Sir Brian Mawhinney: I want to focus my remarks on amendment No. 10 and new clause 1. Before I do so, I should like to commend the hon. Member for Crewe and Nantwich (Mrs. Dunwoody) on her speech. It is a pleasure, in a serious debate such as this, to be able to say to someone on the other side of the Committee that I agree with virtually every word that she said. I agreed not only with what she said but with the significance that she attached to clause 1, the qualification for serving in the House and the amendments that might affect that. I hope that she will not mind my saying that I also greatly admired the fineness and sharpness of her stiletto. In fact, it was so fine that the Under-Secretary of State for Northern Ireland still does not realise that he is bleeding.

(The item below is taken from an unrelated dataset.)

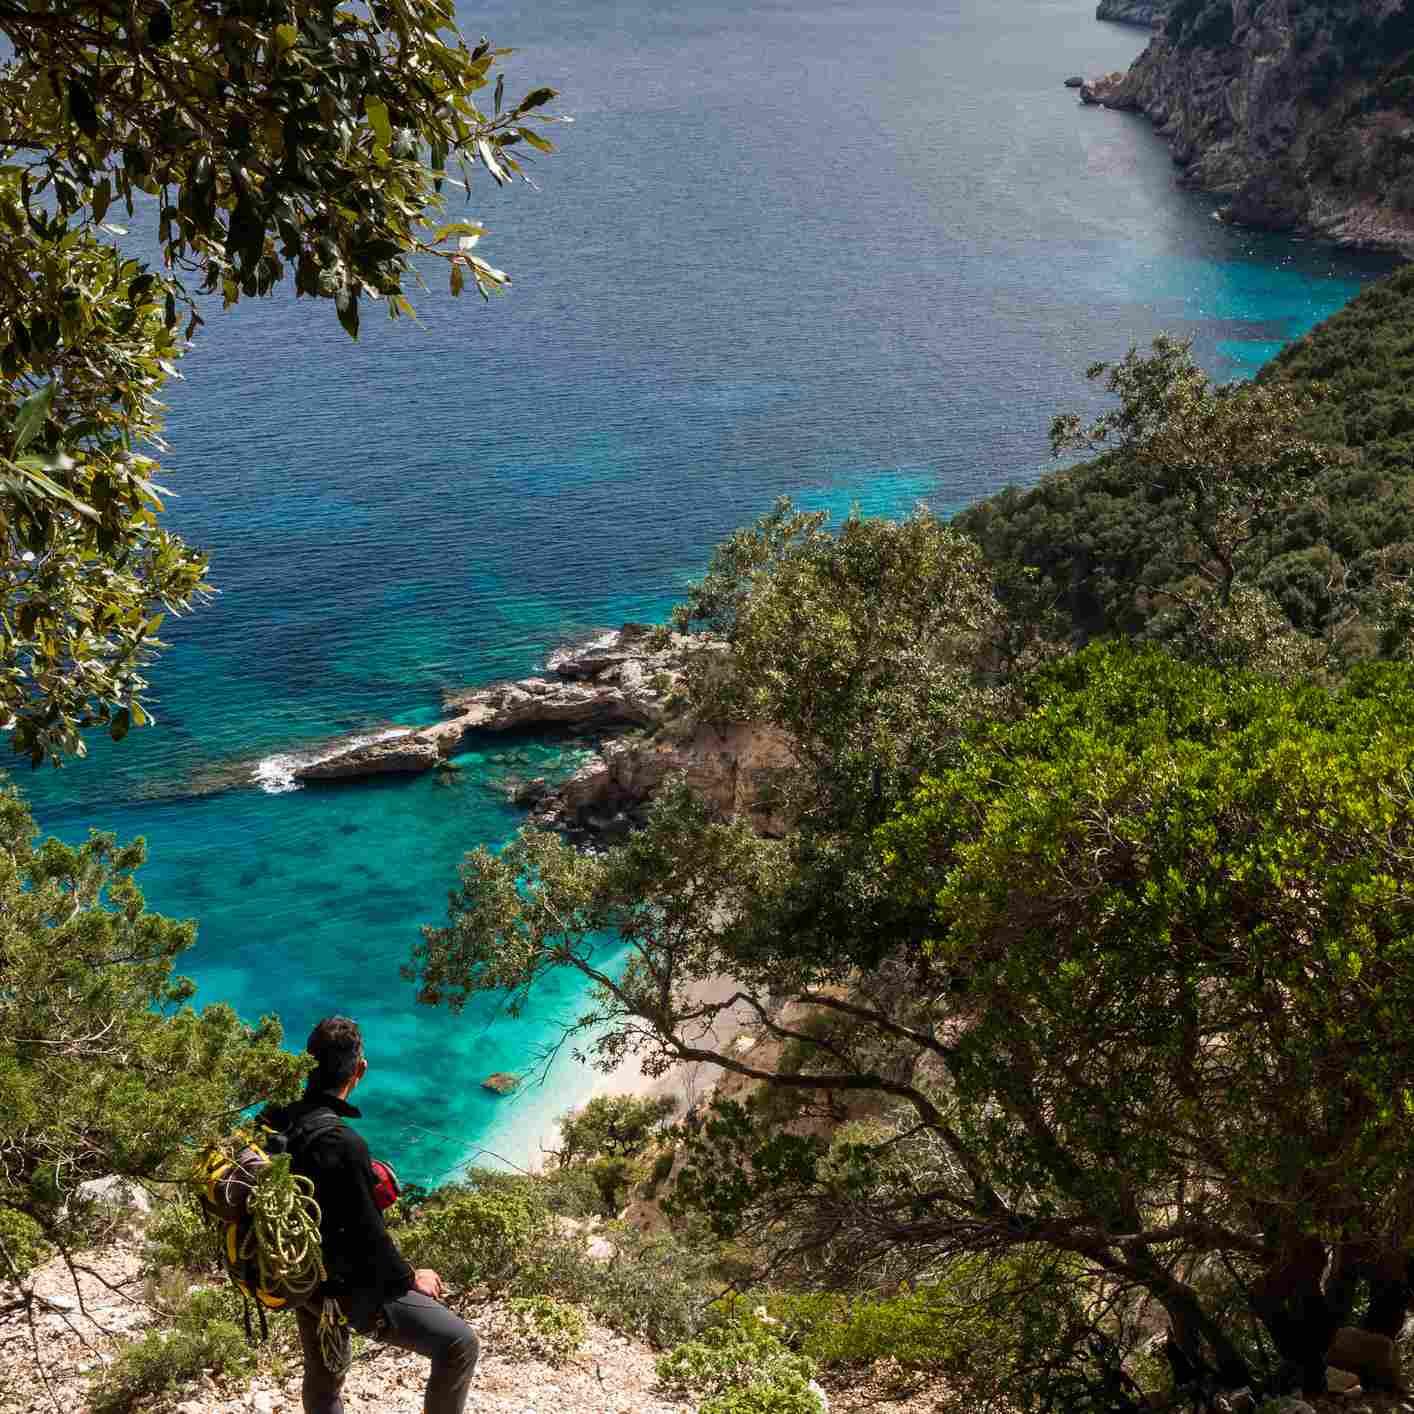 Along the 'Selvaggio Blu' the path approaches often at Mediterranean sea. Here a hiker admires the Cala Biriola beach.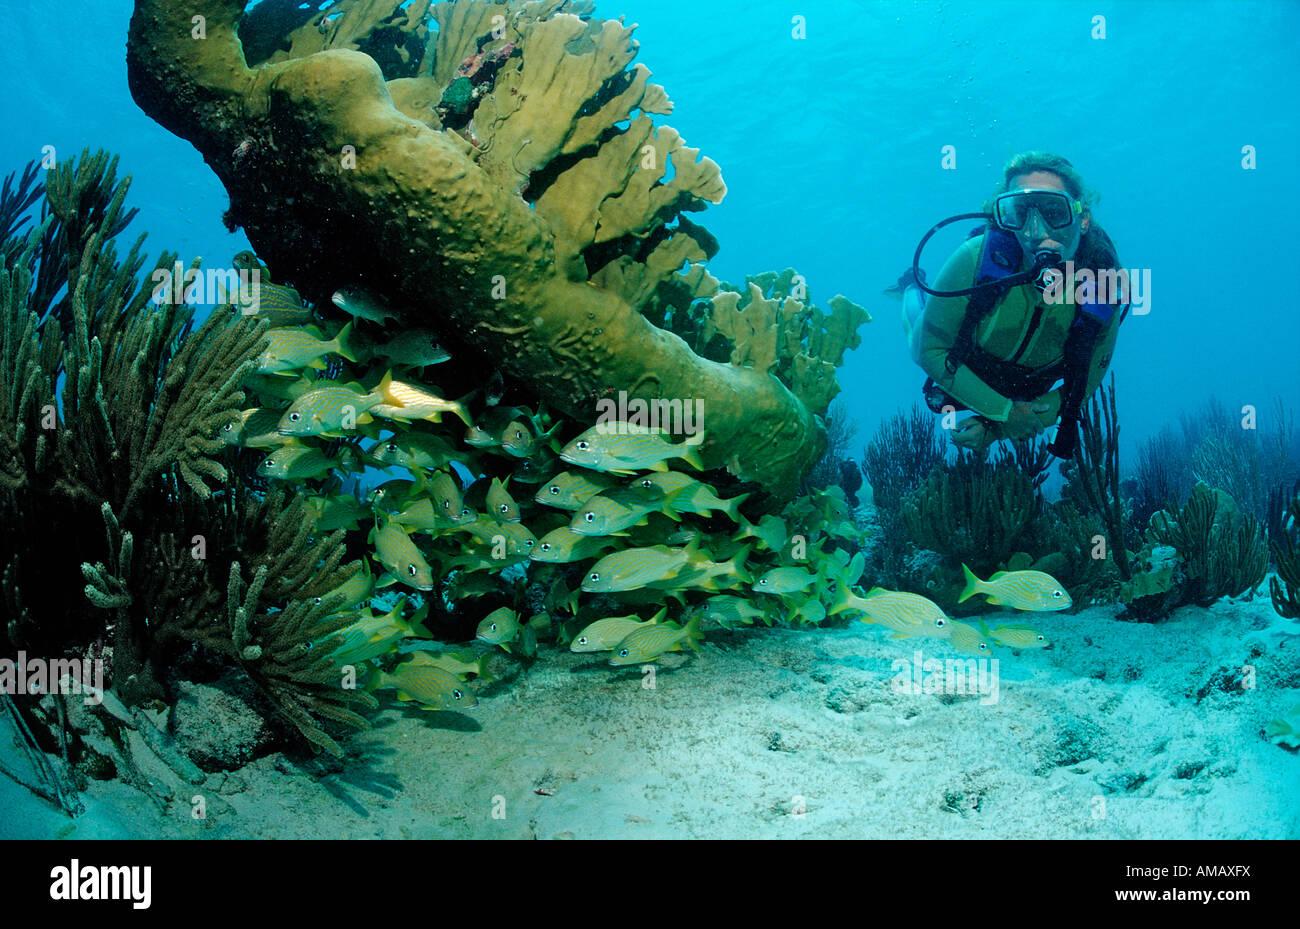 Scuba Diver e grunt francese Haemulon flavolinatum Antille Olandesi Bonaire Mar dei Caraibi Immagini Stock

The fact that amendment No. 10 and new clause 1 are on the amendment paper tells us something of significance about the Bill. Earlier, Mr. Martin reproached me for a question that I put to my right hon. Friend the Member for Bromley and Chislehurst (Mr. Forth). I asked why the amendments to this clause had been put to the Committee today in such a rush after yesterday's Second Reading. I offered him a choice of answer: either that this was complete happenstance--the business managers had nothing better to do so they dreamed up a Bill that had no relation to anything and thought they would take up a couple of days of our time with it--or that the measure related to the Belfast agreement.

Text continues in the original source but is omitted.